И тут наконец дошло. Он вскарабкался выше по Нининым буквам.
«Ничего не видно?» – подпись к платью-робе. Картинка-эмодзи: девушка. В первый раз читал – проскочил-проглядел, торопился. А сейчас задержался, увеличил. Открыл каталог этих эмодзи, полистал. Разглядел.
Мультяшная девушка держалась за круглый живот.
Стало складываться мозаикой из случайных осколков: «Как тебе такое платье? Оно вроде не очень палевное… Нам надо поговорить. Подойди, пожалуйста. Это важно… Я как раз очень реальная, Петь. И я хочу знать, что нам делать… И как ты собираешься им об этом сказать? А главное, когда?.. Я-то бы дала тебе время, но сам понимаешь…»
И пальто парусное, велико: «Дико хочется зиму проскочить, и чтобы уже весна…» Весна. Весной что?

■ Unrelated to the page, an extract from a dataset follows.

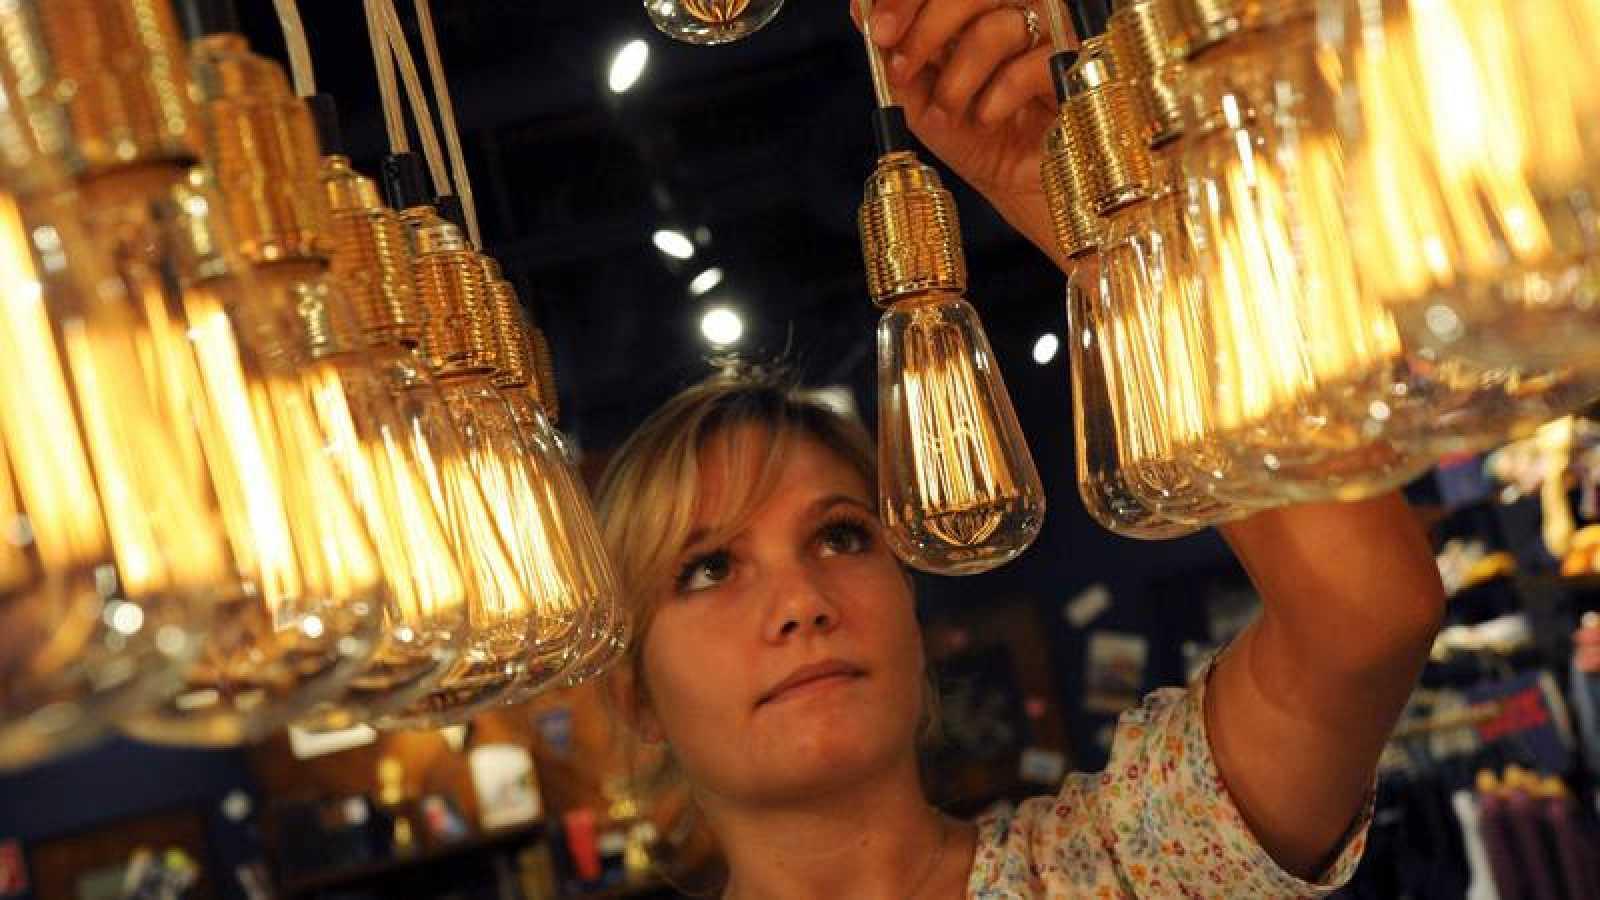 Las lámparas de filamento han sido desterradas por el uso de 'leds' de bajo consumo

Пальто впору станет. А потом ребенок появится.
И вот это все она решила перечеркнуть, понял Илья.
Это не самоубийство. Не лечение зависимости.
В больнице она – потому что легла под наркоз выскабливать из себя их с Петей будущее. Потому что насовсем разверила в него. И он все знал.
– Когда тебе было страшно в последний раз? По-настоящему страшно?
Не могла решиться. Хотела, чтобы он ее отговорил. Ждала отклика от него, правильных слов. А он? Не мог их из себя выдавить.
– У тебя все ок?
– У меня все просто супер.
В пятницу еще писала. Может, и в субботу утром ждала еще. Только Илья отклика не знал. А в субботу вечером уже стало не о чем писать. И отвечать смысл пропал.